──────── DATA SHOWN ────────

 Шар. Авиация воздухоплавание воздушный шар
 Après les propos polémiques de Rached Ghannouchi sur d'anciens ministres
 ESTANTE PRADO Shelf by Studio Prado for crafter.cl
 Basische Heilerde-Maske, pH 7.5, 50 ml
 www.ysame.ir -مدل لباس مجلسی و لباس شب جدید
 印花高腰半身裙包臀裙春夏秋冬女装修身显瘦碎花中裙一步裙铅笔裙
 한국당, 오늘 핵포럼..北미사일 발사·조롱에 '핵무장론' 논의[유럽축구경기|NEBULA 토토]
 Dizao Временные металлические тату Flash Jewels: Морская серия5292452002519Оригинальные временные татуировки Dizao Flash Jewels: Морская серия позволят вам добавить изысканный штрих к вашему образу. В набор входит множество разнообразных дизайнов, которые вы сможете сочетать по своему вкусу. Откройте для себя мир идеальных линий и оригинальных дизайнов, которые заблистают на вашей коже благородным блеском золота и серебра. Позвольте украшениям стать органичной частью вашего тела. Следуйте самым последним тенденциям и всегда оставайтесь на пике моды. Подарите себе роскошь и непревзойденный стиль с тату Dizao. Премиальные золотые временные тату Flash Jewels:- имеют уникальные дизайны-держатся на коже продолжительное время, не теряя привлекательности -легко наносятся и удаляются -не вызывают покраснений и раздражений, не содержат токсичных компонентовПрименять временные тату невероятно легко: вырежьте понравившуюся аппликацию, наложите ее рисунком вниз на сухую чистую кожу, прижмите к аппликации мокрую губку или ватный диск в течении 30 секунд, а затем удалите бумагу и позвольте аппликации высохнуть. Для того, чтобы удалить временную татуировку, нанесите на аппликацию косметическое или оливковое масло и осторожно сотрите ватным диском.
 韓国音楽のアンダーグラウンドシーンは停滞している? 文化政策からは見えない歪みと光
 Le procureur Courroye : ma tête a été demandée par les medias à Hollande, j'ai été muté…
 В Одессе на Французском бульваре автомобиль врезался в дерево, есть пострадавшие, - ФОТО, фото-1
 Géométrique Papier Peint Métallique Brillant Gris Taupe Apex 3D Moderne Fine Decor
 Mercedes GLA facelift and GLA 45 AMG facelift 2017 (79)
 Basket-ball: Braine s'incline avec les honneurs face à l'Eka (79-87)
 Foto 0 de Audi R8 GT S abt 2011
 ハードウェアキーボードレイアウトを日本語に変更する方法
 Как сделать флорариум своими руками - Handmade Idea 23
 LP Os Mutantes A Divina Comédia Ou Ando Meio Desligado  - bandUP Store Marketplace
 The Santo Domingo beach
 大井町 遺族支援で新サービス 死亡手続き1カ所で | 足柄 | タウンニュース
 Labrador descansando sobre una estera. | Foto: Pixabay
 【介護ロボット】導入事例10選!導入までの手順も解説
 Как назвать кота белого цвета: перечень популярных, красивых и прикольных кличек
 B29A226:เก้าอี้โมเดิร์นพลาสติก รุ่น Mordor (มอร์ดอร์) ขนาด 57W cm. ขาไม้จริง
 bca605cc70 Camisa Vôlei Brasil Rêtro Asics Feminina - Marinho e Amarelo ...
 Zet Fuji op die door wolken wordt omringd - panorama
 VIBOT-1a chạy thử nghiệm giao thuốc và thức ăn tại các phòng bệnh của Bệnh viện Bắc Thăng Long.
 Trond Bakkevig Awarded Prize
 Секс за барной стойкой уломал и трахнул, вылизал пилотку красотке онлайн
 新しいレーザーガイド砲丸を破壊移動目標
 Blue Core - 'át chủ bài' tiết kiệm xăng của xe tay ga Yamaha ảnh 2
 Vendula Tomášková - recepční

────────

Find the lines of the listing that contain the string "Foto" and give how many there are, with no other words.

> **RESPONSE TO THE TASK**
2